**Brief**
Taking the line with "Catrice Liquid Metal" as the first and the last line of the listing as the final one, please copy exactly those lines and no others, without pictures.

**Dataset excerpt**
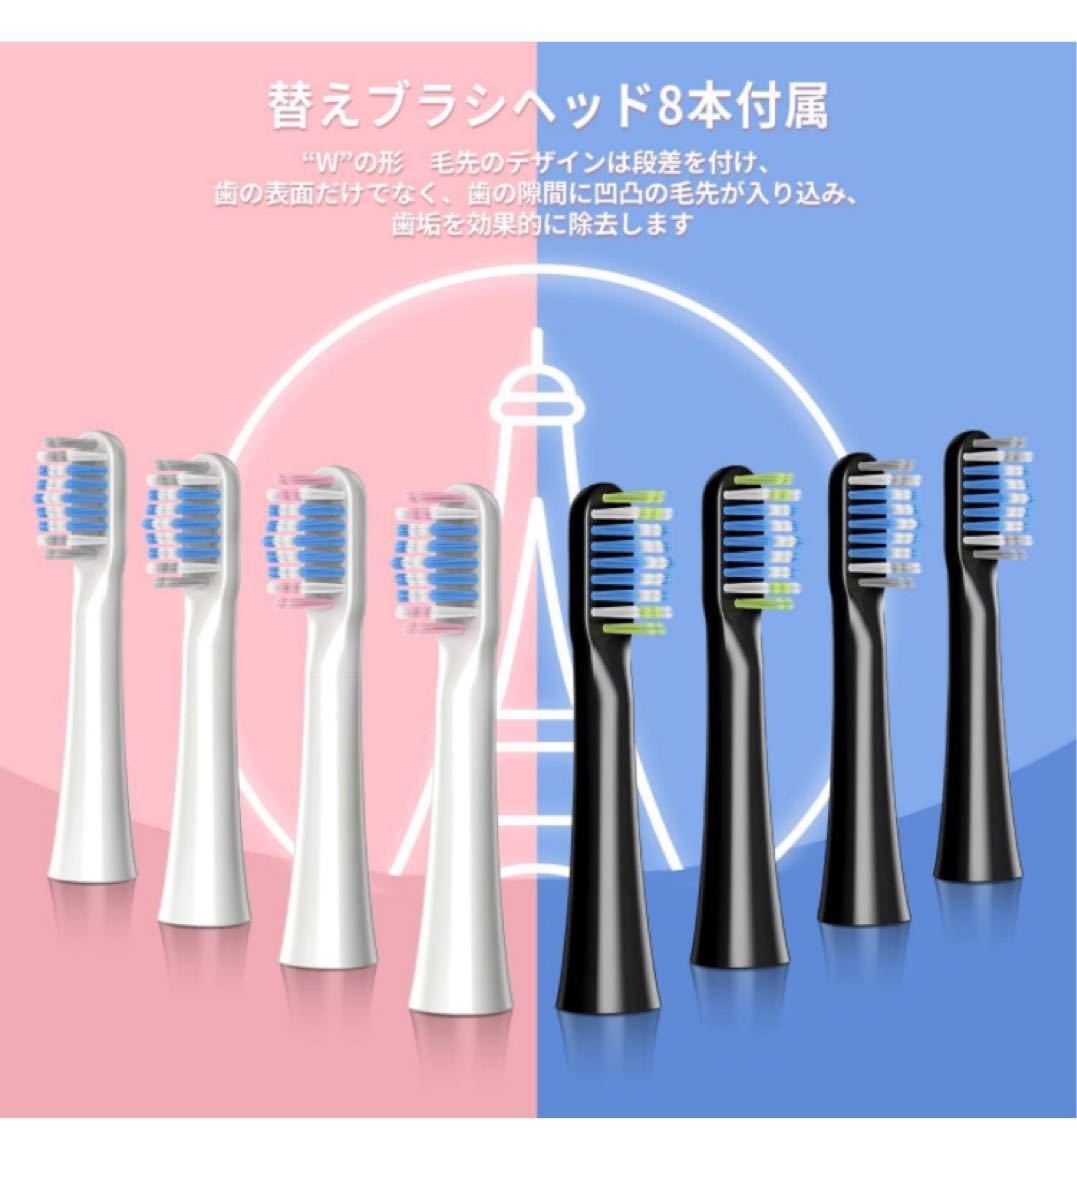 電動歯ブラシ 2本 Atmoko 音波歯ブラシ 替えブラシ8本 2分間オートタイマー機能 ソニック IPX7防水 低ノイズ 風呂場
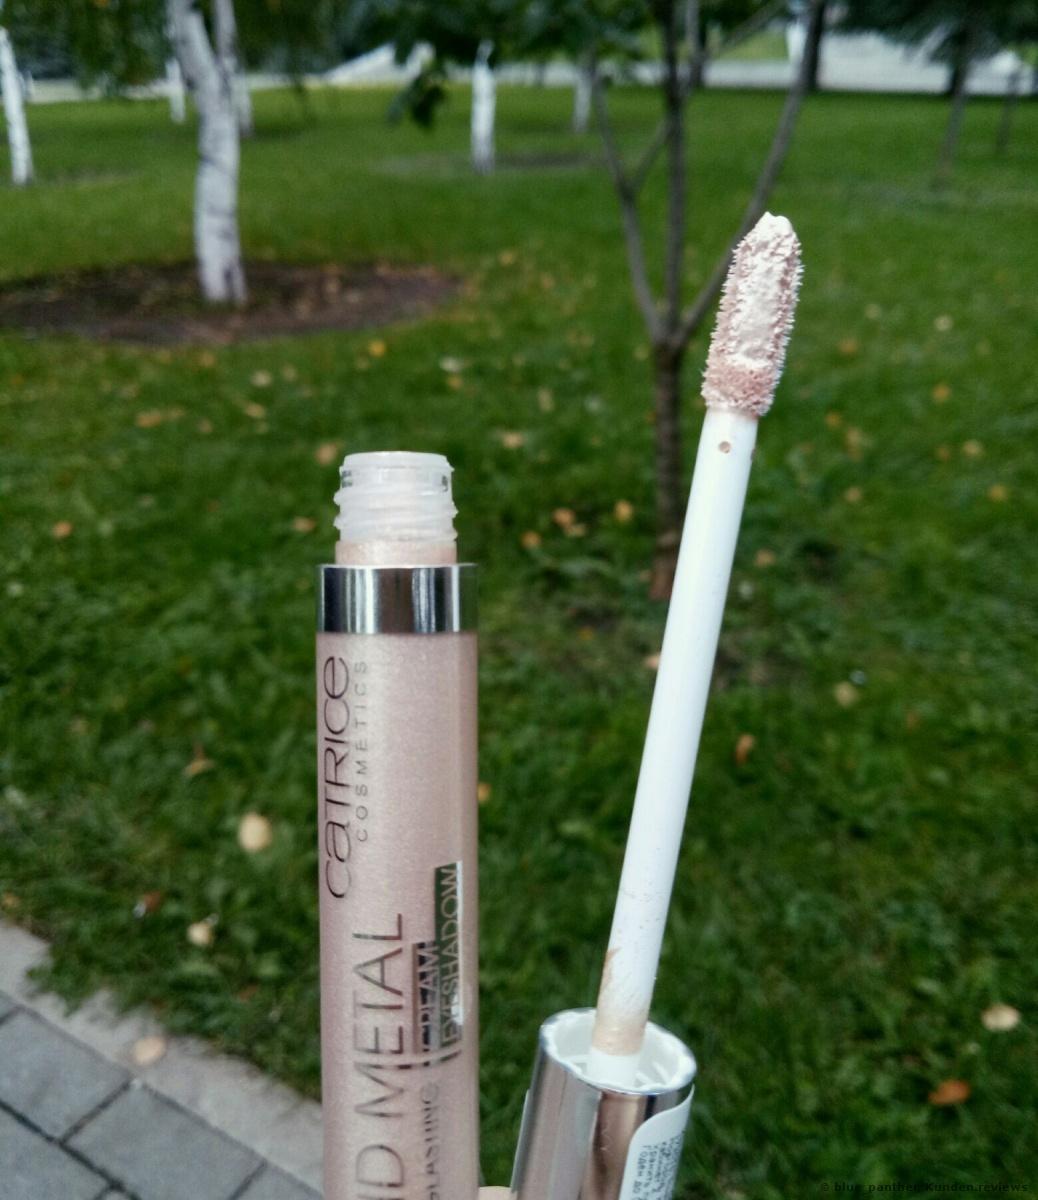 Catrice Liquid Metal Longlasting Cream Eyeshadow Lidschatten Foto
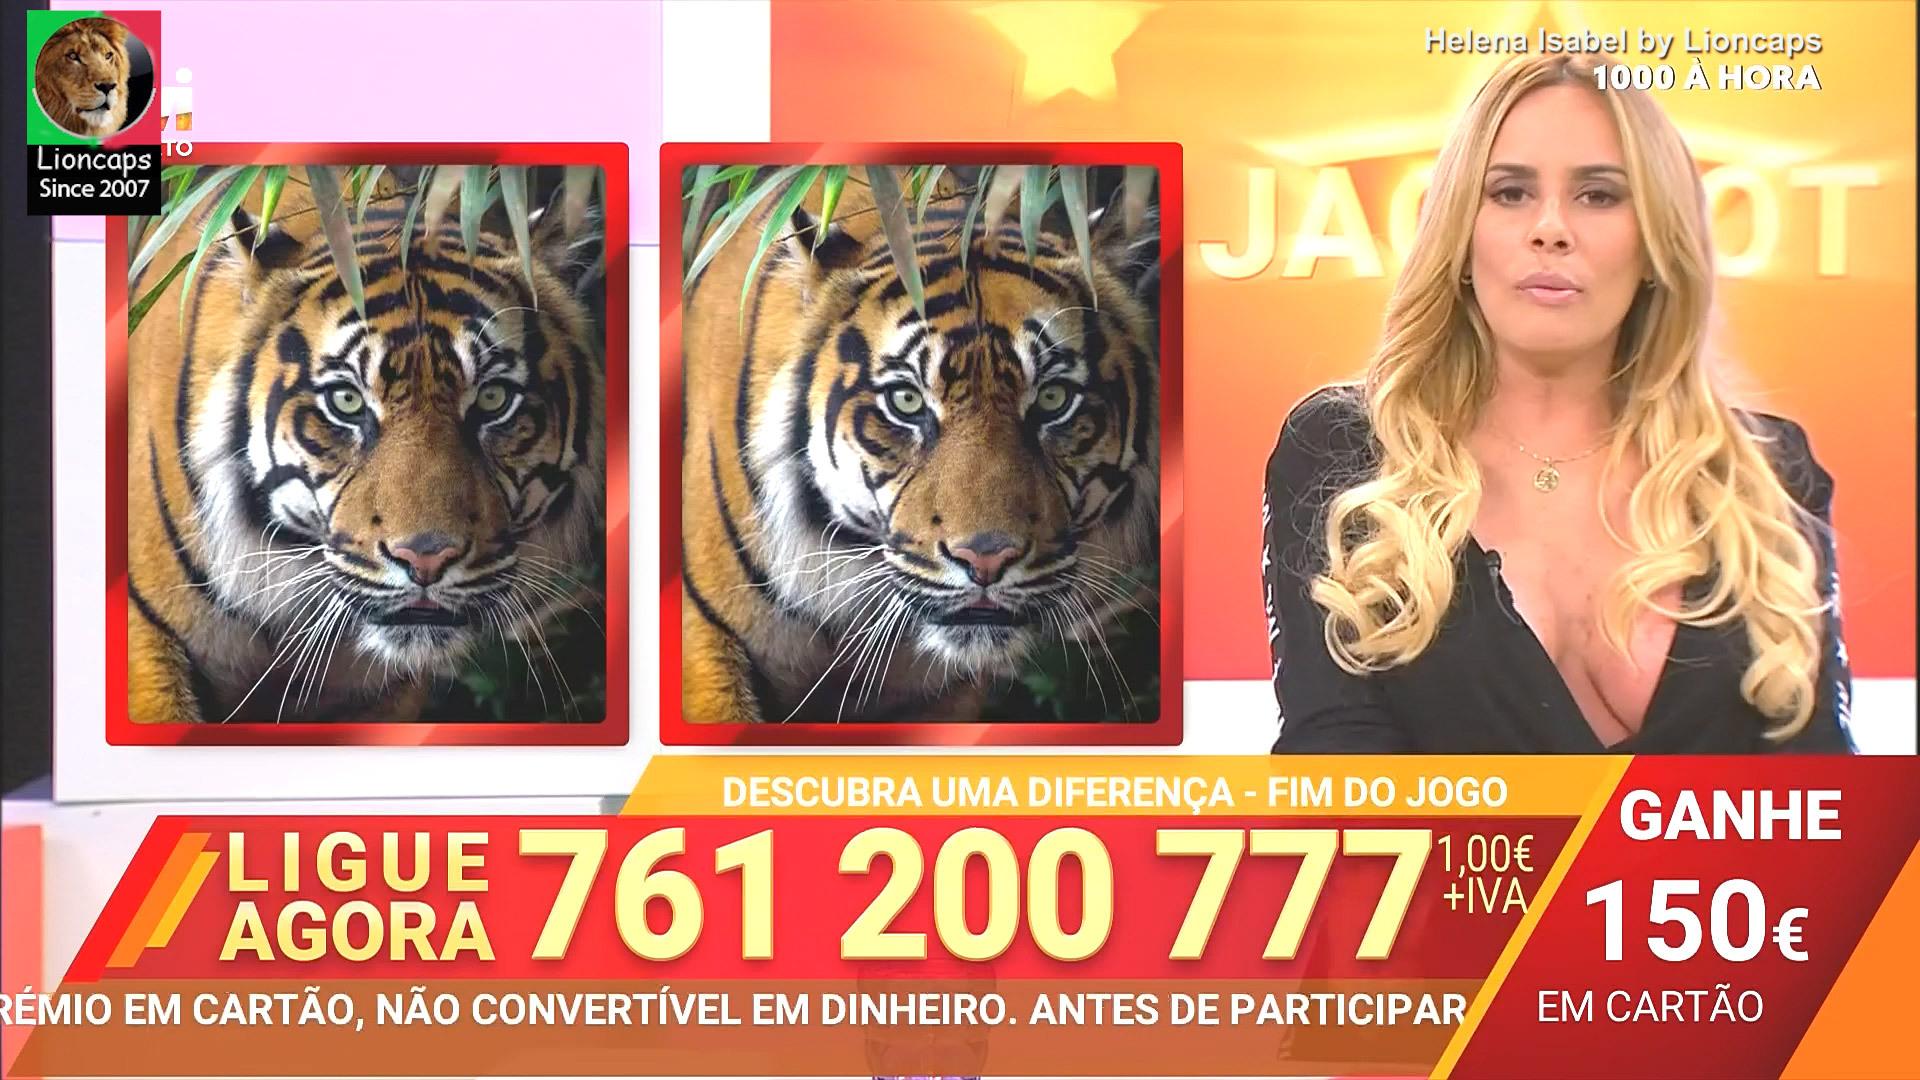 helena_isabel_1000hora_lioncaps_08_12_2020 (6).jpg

**Task answer**
 Catrice Liquid Metal Longlasting Cream Eyeshadow Lidschatten Foto
 helena_isabel_1000hora_lioncaps_08_12_2020 (6).jpg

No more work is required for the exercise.